Using belly breaths or Diaphragmatic Breathing, the Diaphragm which is the primary breathing muscle is exercised thus improving its strength and flexibility which is important and useful because a strong diaphragm draws the air down into the lowest part of the lungs where the most and easiest gas exchange takes place, meaning more available Oxygen with fewer breaths/less effort. Once I was thoroughly chilled (more so than I can remember having been before without the aid of some sort of massage therapy,) I was introduced to my first breath-hold and quite rapidly after that, the urge to breathe! These urge to breathe sensations, which for me start as butterflies in my upper abdomen followed by the onset of contractions (which feel like reverse hiccups,) don’t mean you are running out of Oxygen. They are in fact caused by the buildup of Carbon Dioxide in the body. The longer you are able to hold your breath, the better your tolerance to CO2 will become. The better your CO2 tolerance is, the more Oxygen is released from the Hemoglobin in the blood to the cells that need it to make energy resulting in better performance and endurance for less effort.

All of this was news to me at the time but I trusted in the process and found that as I progressed my breath-hold, I was able to relax more into the feelings of discomfort and could hold my breath for longer. Maximum breath-holds cause the spleen to contract and release more red blood cells which means better aerobic capacity. This contraction of the spleen causes further natural production of EPO (Erythropoietin) to replace the red blood cells the have been released from the spleen. The outcome is the same you would get if you trained at high altitude or took synthesized EPO (which is illegal if you are competing in sports). I began to notice a brief period during the breath holds where I felt totally at peace before the urge to breathe would start to kick in.

Stimulating the Parasympathetic Nervous System with calm breathing and a bit of breath-hold work can be a great source of anxiety and stress relief for some. The fastest way to cope with stress and anxiety is to focus on your breathing. By calming your breath not only are you focusing completely in the moment where it is not possible to be stressed but you are also activating the PNS which slows the heart rate, muscles relax, and blood returns to the prefrontal cortex and empathy circuits. All things that will make you feel better and more in control.

I was also taught how to do recovery breathing for use at the end of a breath-hold. The body has used a lot of the oxygen in the bloodstream during the hold and it is important to let out the high levels of CO2 and exchange them for fresh O2 as efficiently and quickly as possible using the appropriate technique. The muscles we use to inhale are different from the ones we use to exhale. Both are equally important for functional breathing so we need to make sure they are both strong and flexible through exercising them.

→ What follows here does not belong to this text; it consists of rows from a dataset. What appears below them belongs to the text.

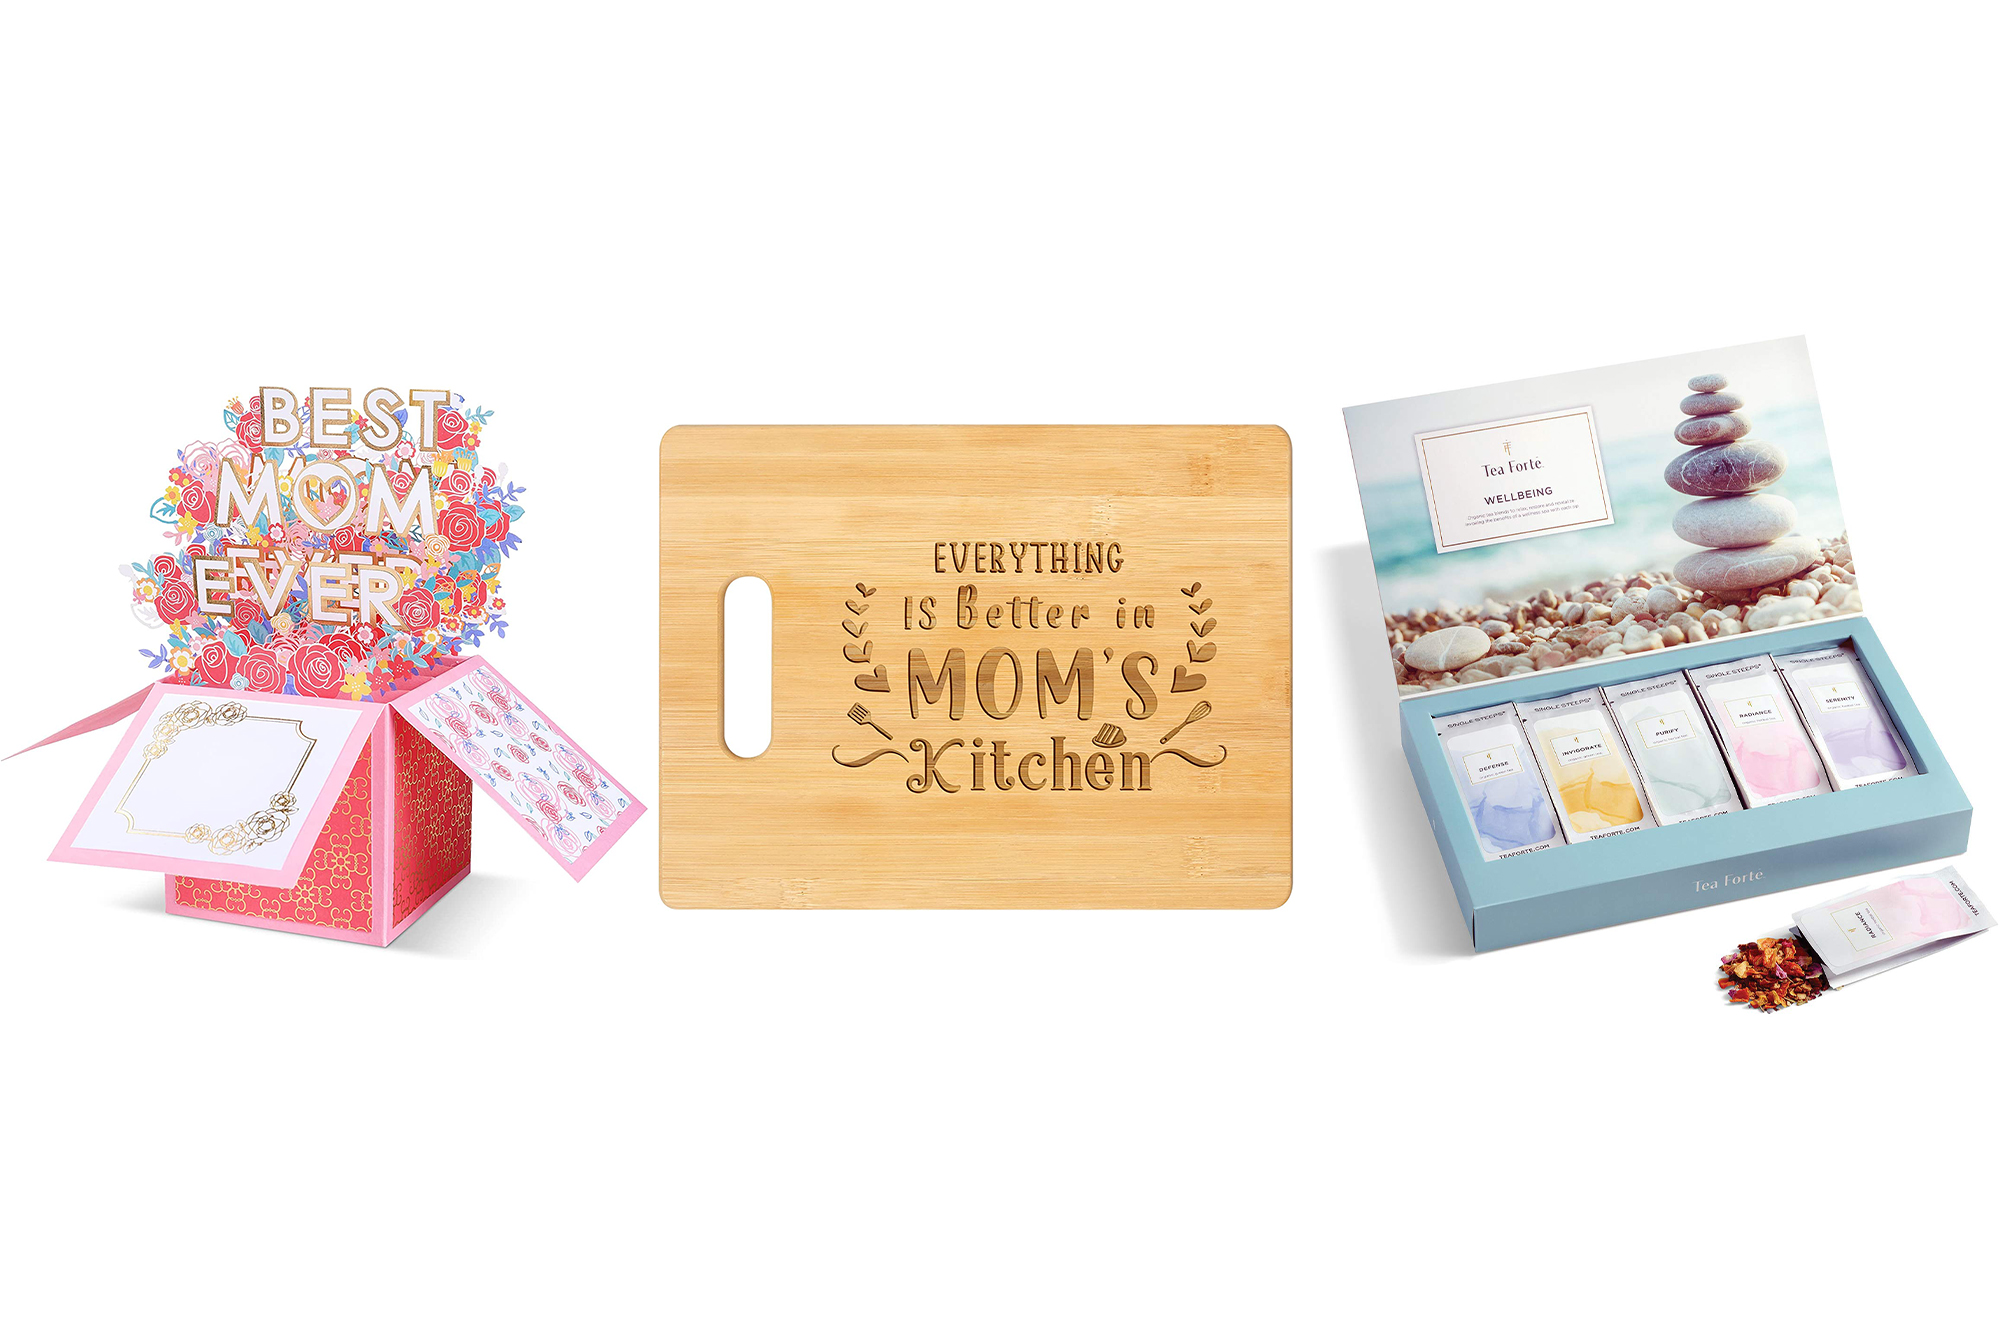 45 Cheap Mother's Day Gifts — Mother's Day Gifts Under $40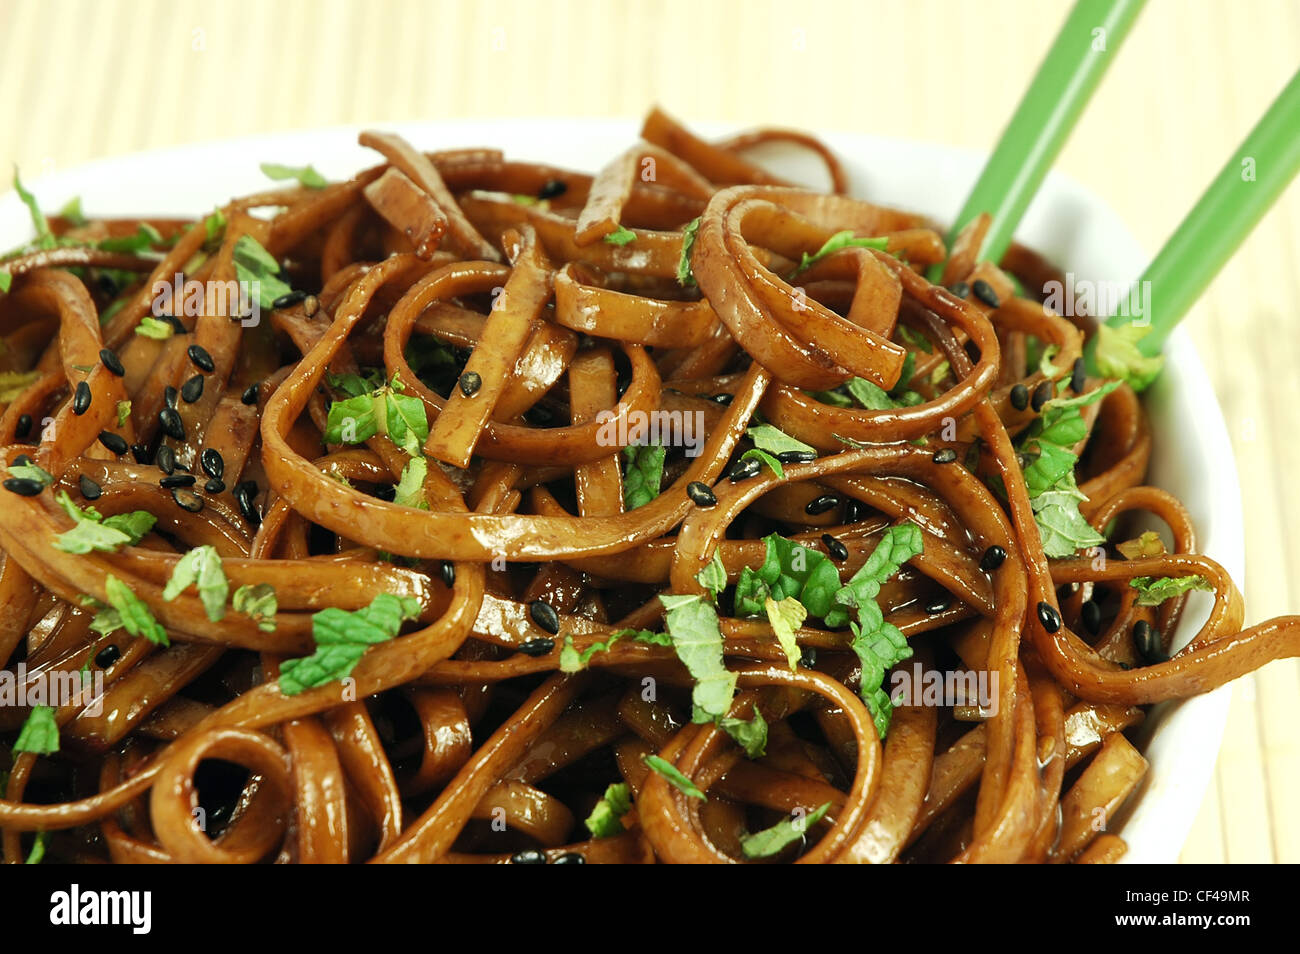 Bowl of stir fried udon noodles garnished with black sesame seeds and fresh mint with green chopsticks Stock Photo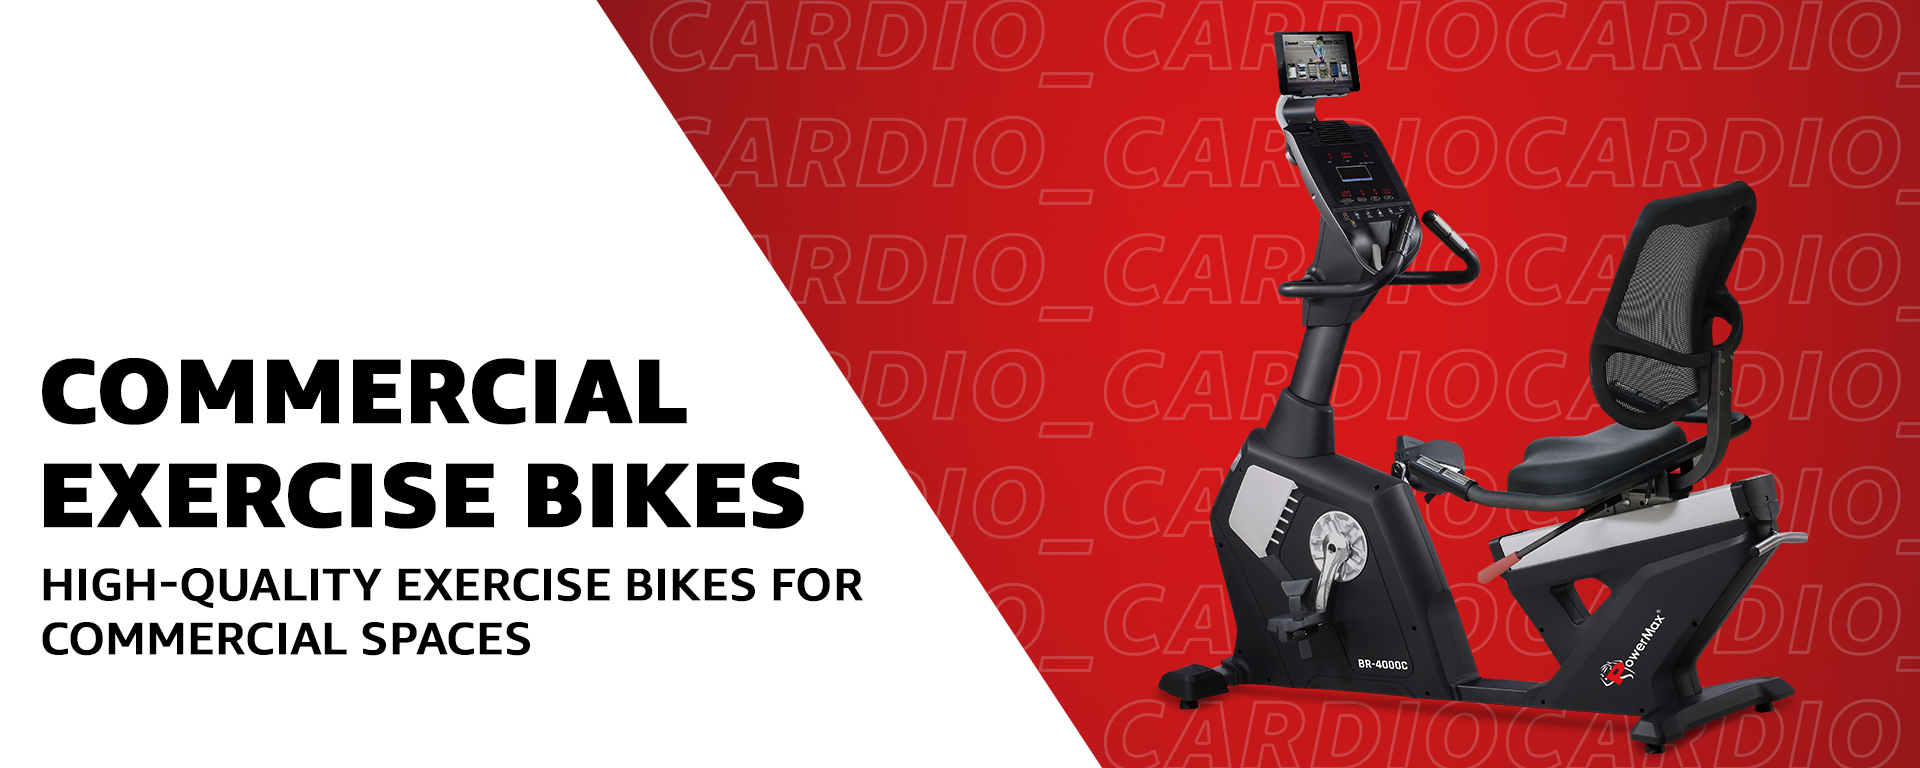 use > cardio > commercial exercise bike

During my second freediving course, I was introduced to gentle lung stretching as a way of increasing available lung capacity and improving the flexibility of the diaphragm. More air in the lungs means more Oxygen gets into the bloodstream to be transported to the working muscles, where it is needed for the metabolic processing of energy which translates to longer breath holds and dives below the water and better aerobic capacity on solid ground too. Freediving is an excellent introduction to improving your breathing. It is a way to bring awareness to your body and breath. To learn to slow yourself down to stimulate the Parasympathetic Nervous System which has a whole host of immediate health benefits as well as improving your endurance, performance and mental focus.

However, there is so much more to functional breathing that isn’t covered in freediving, like the importance of nose breathing which is impossible to do while wearing a mask or a nose clip and yet is the foundation of functional breathing due to the numerous and essential benefits it gives us that mouth breathing simply does not and as a result is extremely detrimental to our health if done unconsciously for any length of time. Learning to freedive will certainly improve your breathing and I hope it also sparks your interest to learn even more about it so you can further improve your health and wellbeing in the moment and for your future.